• **How to complete this task**
Pictures in the listing should not be copied. Reproduce, word for word, each line from the one holding "WOZ-waarde Marius Van" through the final line.

Information shown Block Start

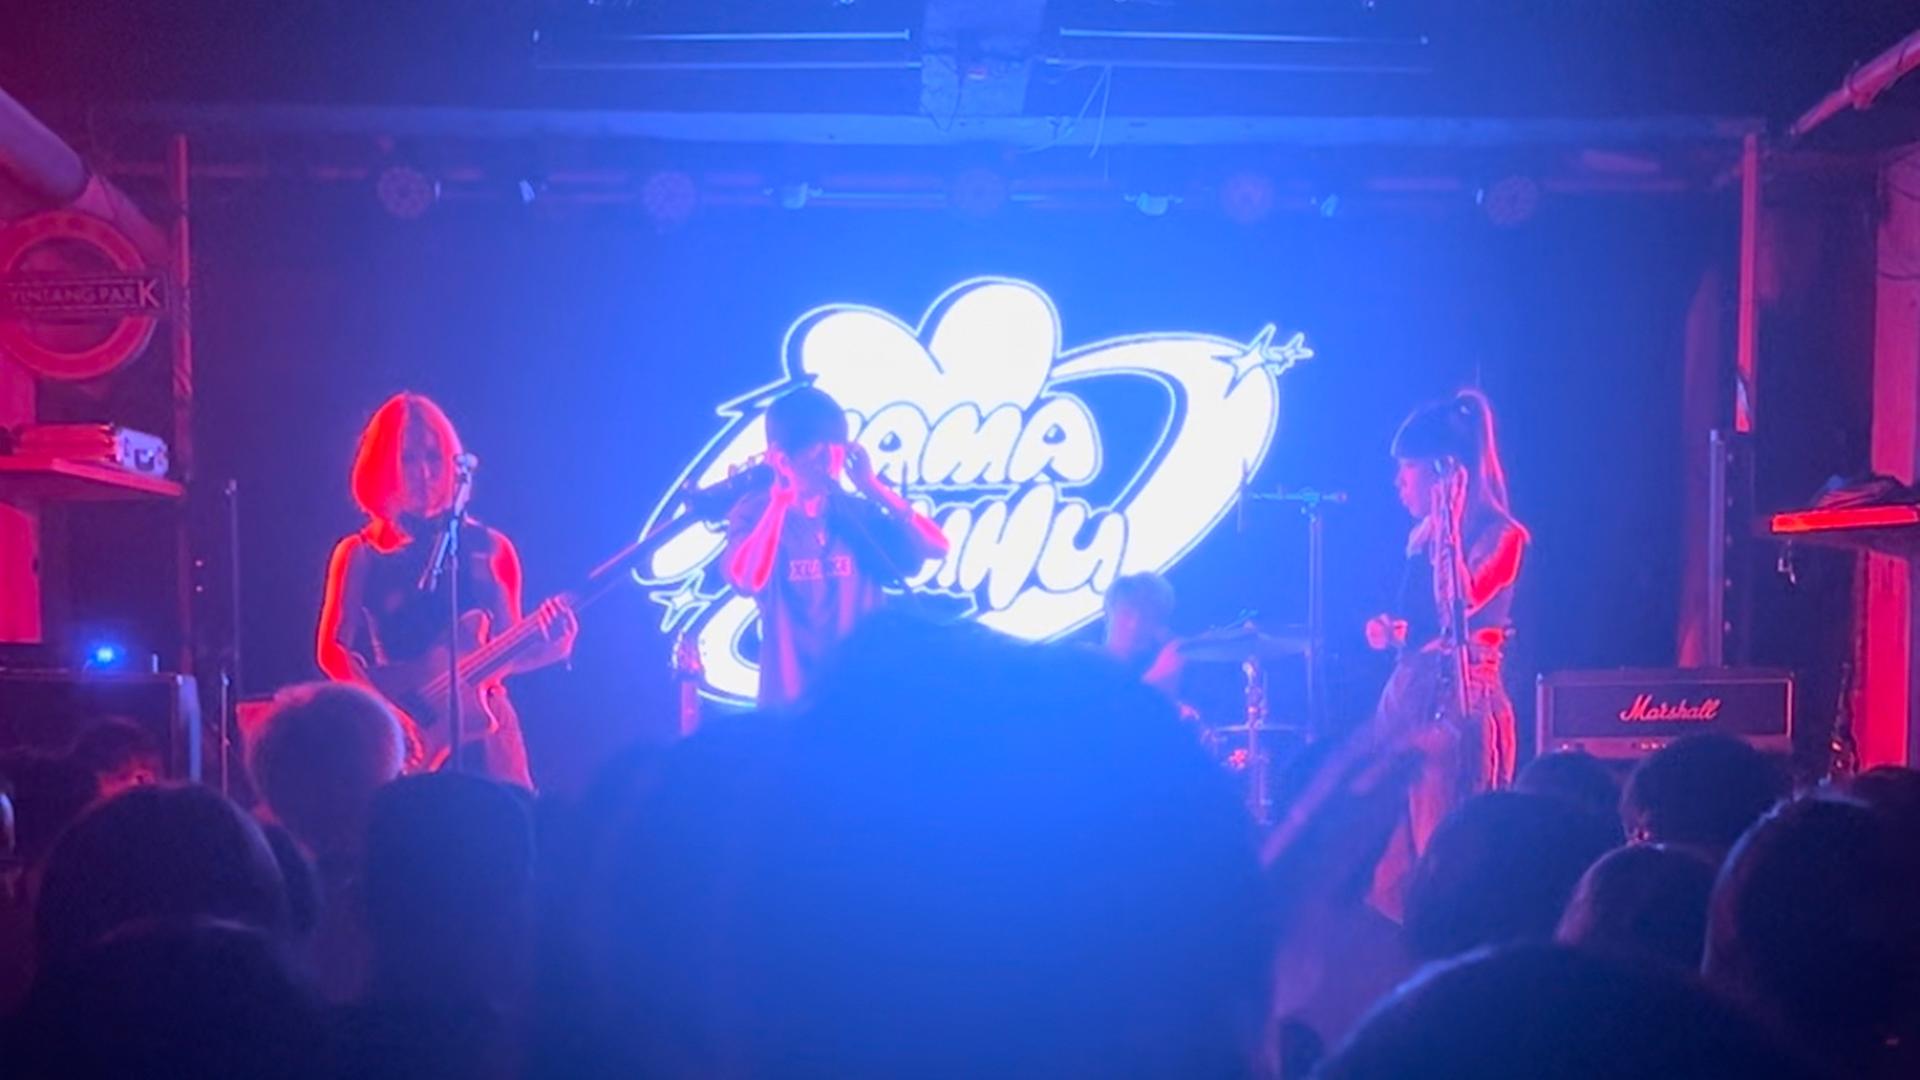 Eine Punkband steht auf einer blau-pink erleuchteten Bühne in einem kleinen Club. Auf dem Bühnenhintergrund steht in weißer geschwungener Schrift "Mamahuhu"
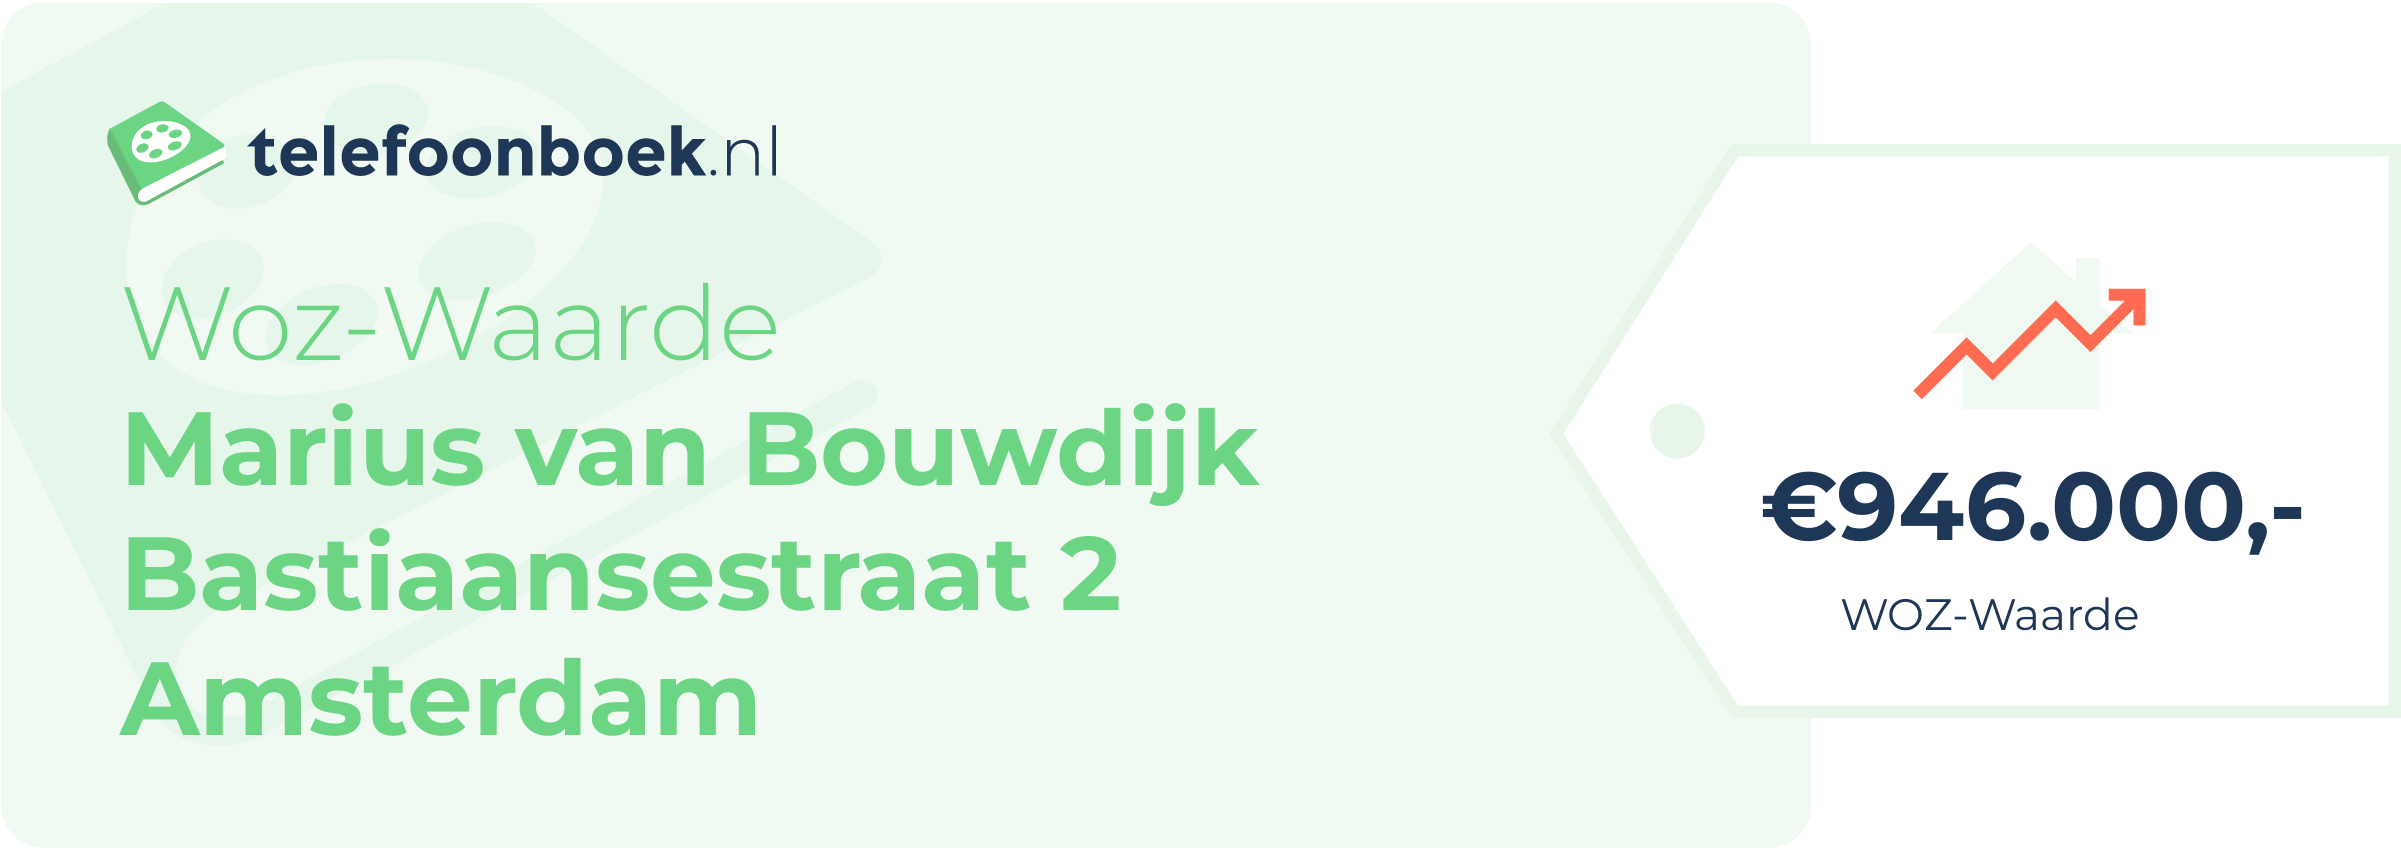 WOZ-waarde Marius Van Bouwdijk Bastiaansestraat 2 Amsterdam
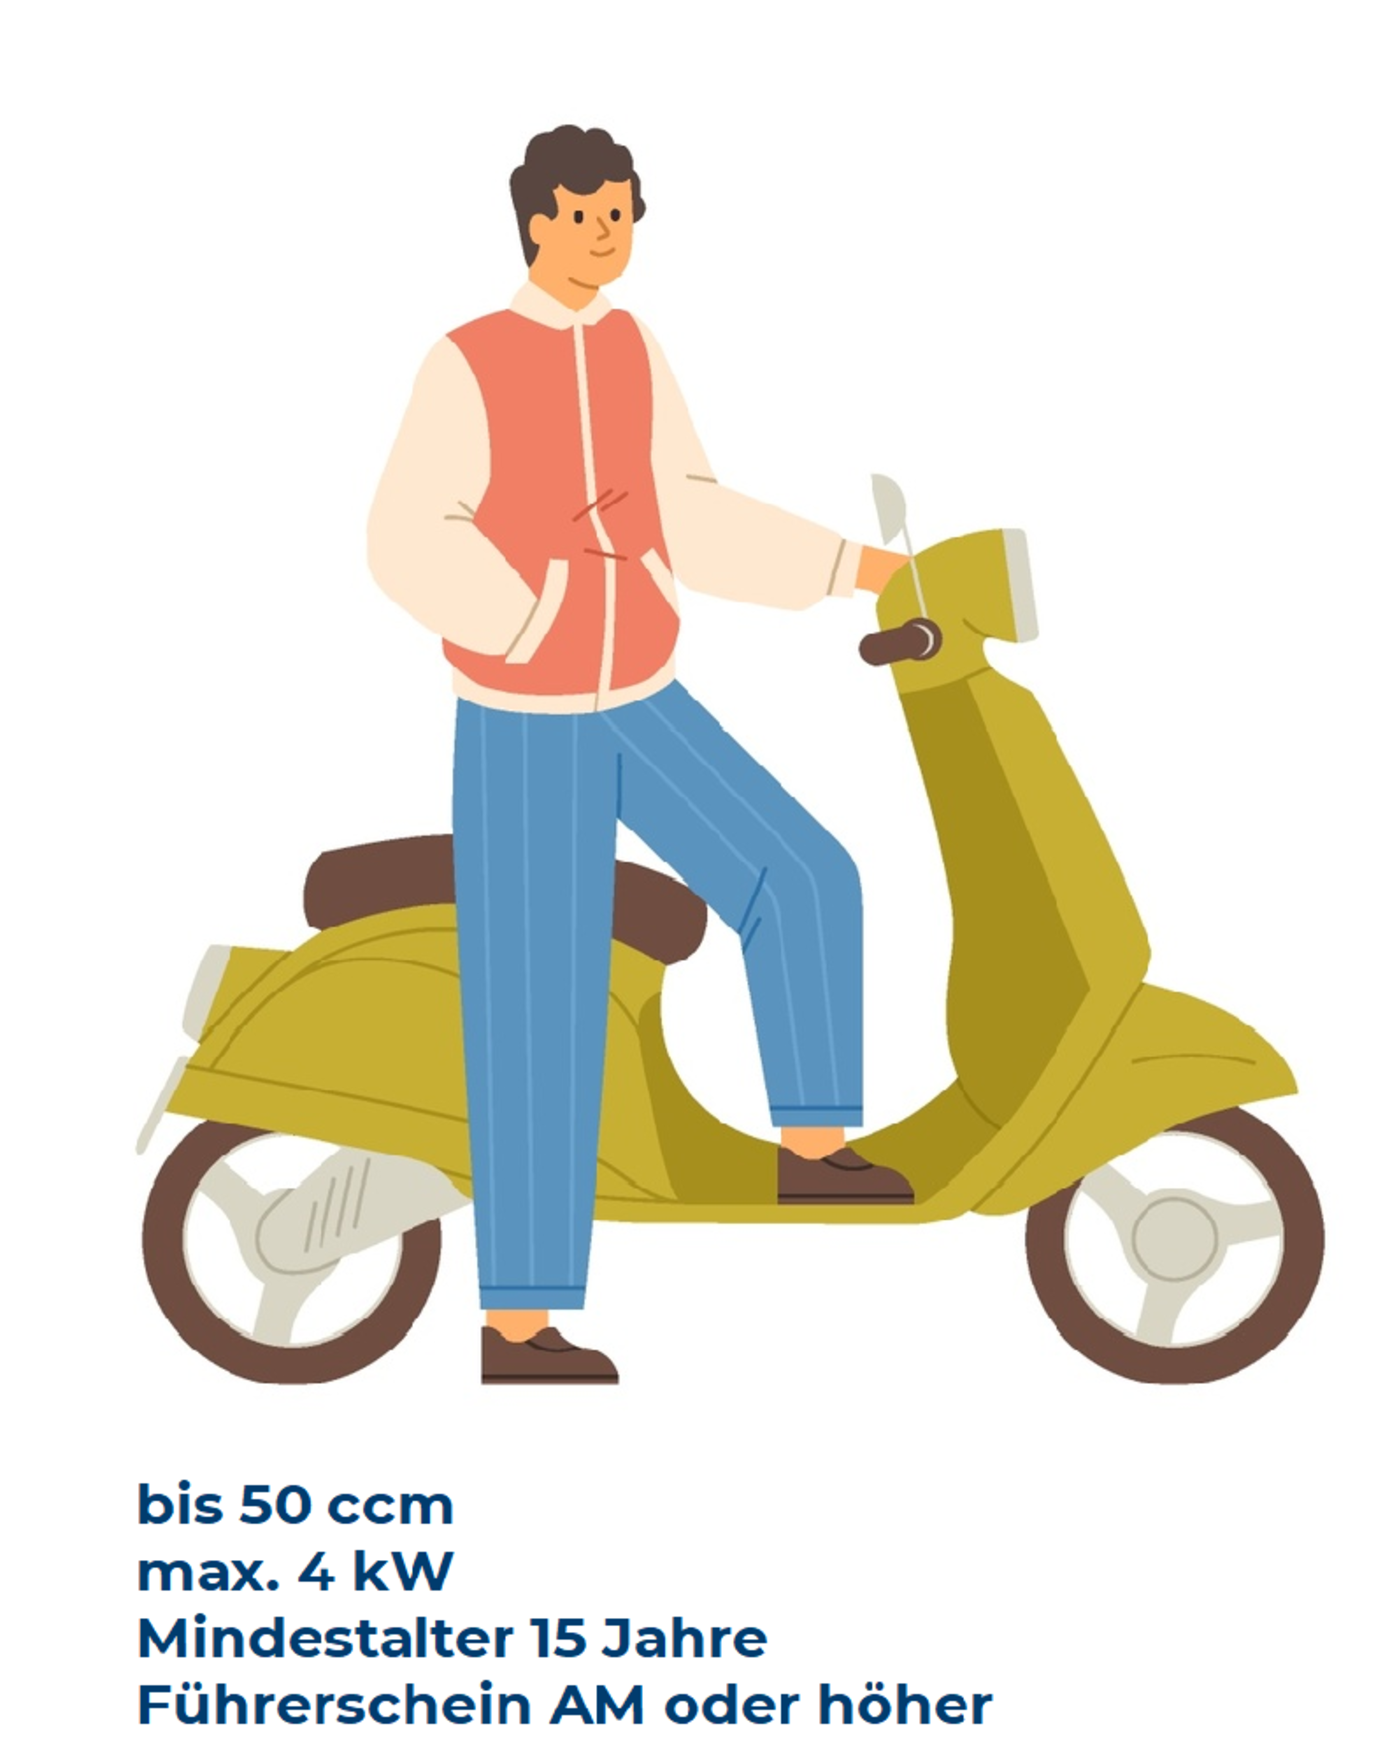 Illustration von einem jungen Mann, der vor einem Moped steht

Information shown Block End

• **Exercise output**
 WOZ-waarde Marius Van Bouwdijk Bastiaansestraat 2 Amsterdam
 Illustration von einem jungen Mann, der vor einem Moped steht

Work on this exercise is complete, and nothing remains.